Q. Dear Neil: I planted two small Japanese yews a year ago to act as privacy screening plants. They have grown well, but I can already tell it will take too long for them to give the privacy I need. Can you suggest a fast-growing shrub or vine that would be better?

1.04.21 Nellie R. Stevens holly in author's home landscape.jpg

Nellie R. Stevens holly in Neil Sperry's home landscape.

A. If you need something 8 to 12 feet tall I would suggest Willowleaf holly. For a taller screen 12 to 16 feet tall, Nellie R. Stevens holly. Plant the shrubs two-thirds as far apart as they will be allowed to grow. For example, if you want them to be 12 feet tall, space them 8 feet apart. Both of these plants are suited to sun and shade and to all types of soils in all parts of Texas. Water them very deeply by hose every two or three days from April through October for their first couple of years to get them rooted well into your landscape before you count on sprinkler irrigation to carry them through. For the record, fast growth does not equate with quality. Fast-growing shrubs soon outgrow their space and cause you big problems. Stay away from plants whose sole attribute is that they grow quickly. Start with larger plants at the outset to get privacy faster.

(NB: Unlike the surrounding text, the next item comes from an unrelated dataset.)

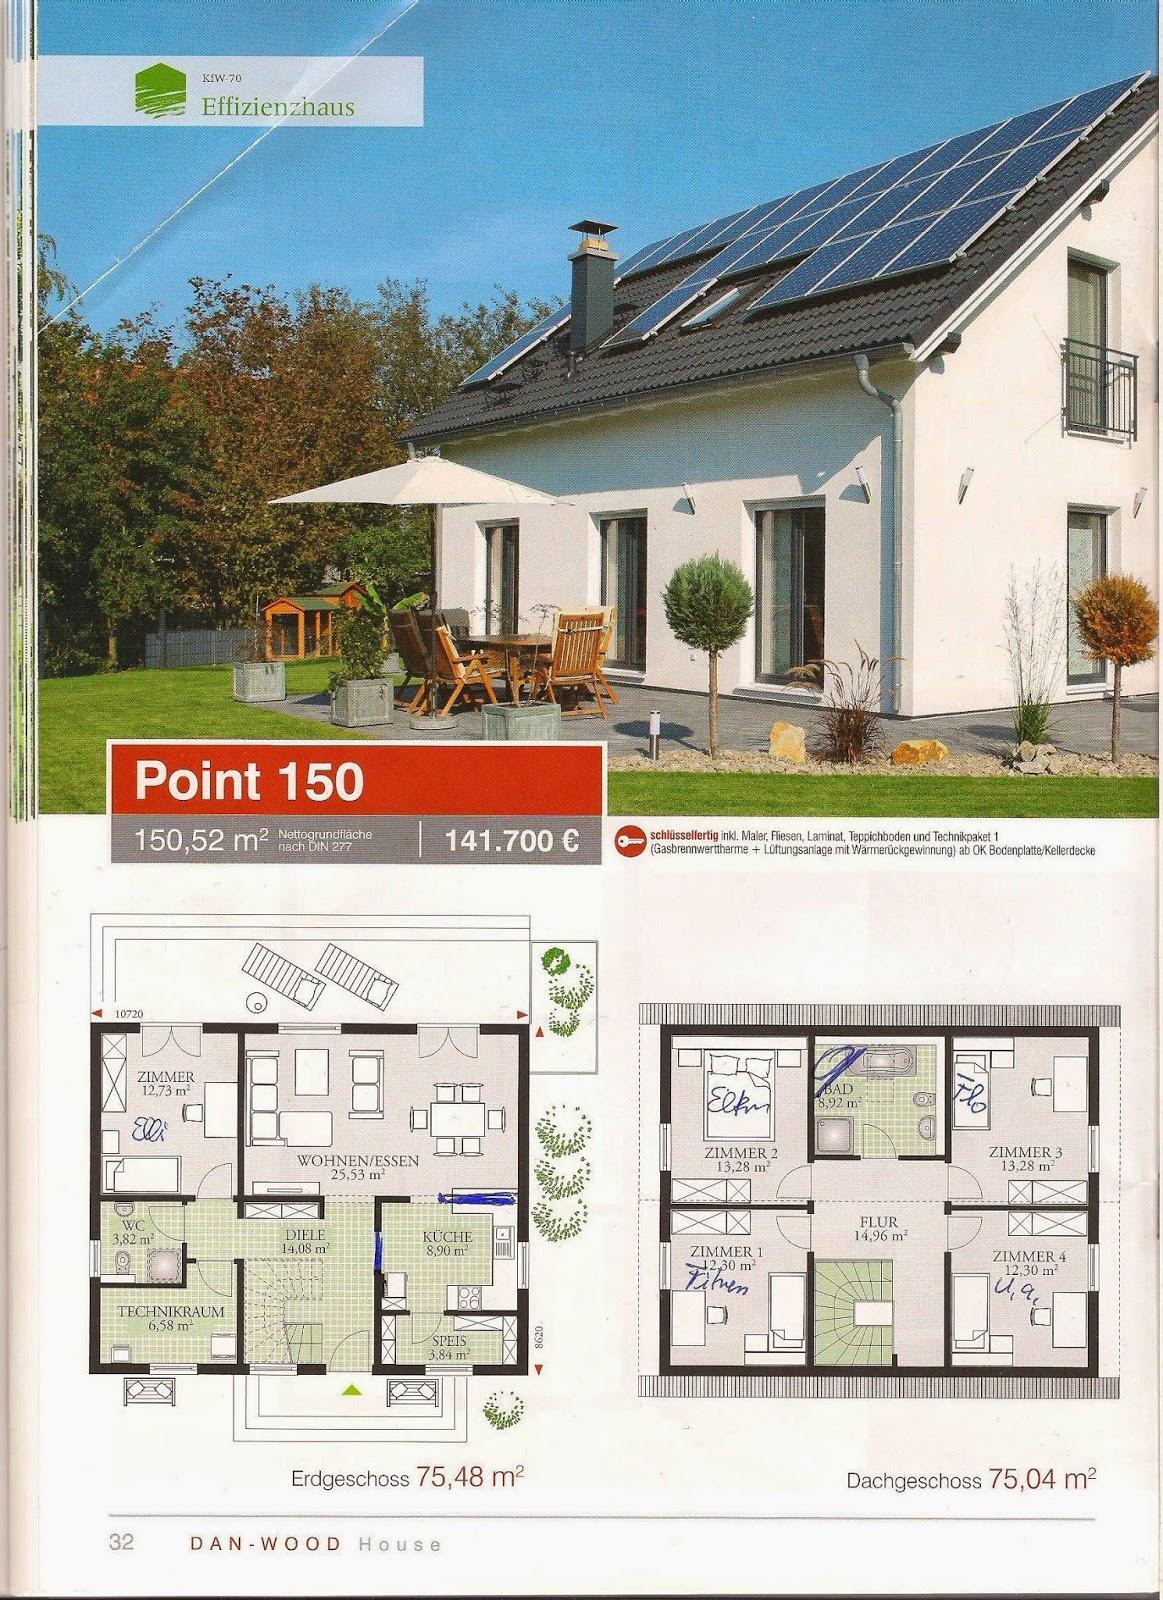 flo baut sein traumhaus point 150 von danwood mit ks. Black Bedroom Furniture Sets. Home Design Ideas

Q. Dear Neil: We bought a home that has large blackberry bushes. They produce outstanding berries, but we don’t know how to prune the plants. They have sent out very tall canes. Do we trim them? When and by how much?

A. Upright blackberries produce their fruit on canes that grew the preceding year. Those canes will never bear fruit again. That means that you want to remove all old canes immediately after they bear fruit in late spring by cutting them off with lopping shears flush with the ground. Leave the new shoots that will be springing up within each clump. They will be the source of the fruit the following spring. You may want to pinch out the growing tips of those new canes to encourage them to produce side branches and stay shorter and more compact in the process. All of that said, I realize that you may not be able to determine which are canes from this past year and which might be older canes at this point in the winter. Wait until spring and you’ll be able to tell. It may take a little extra time to get them all tidied up and at peak production.

Q. Dear Neil: We have several live oaks in our yard. We recently noticed that the trees in the backyard have numerous gray/green galls on the small branches all over the tree. What causes these? Are they harmful? What can I do to remedy them?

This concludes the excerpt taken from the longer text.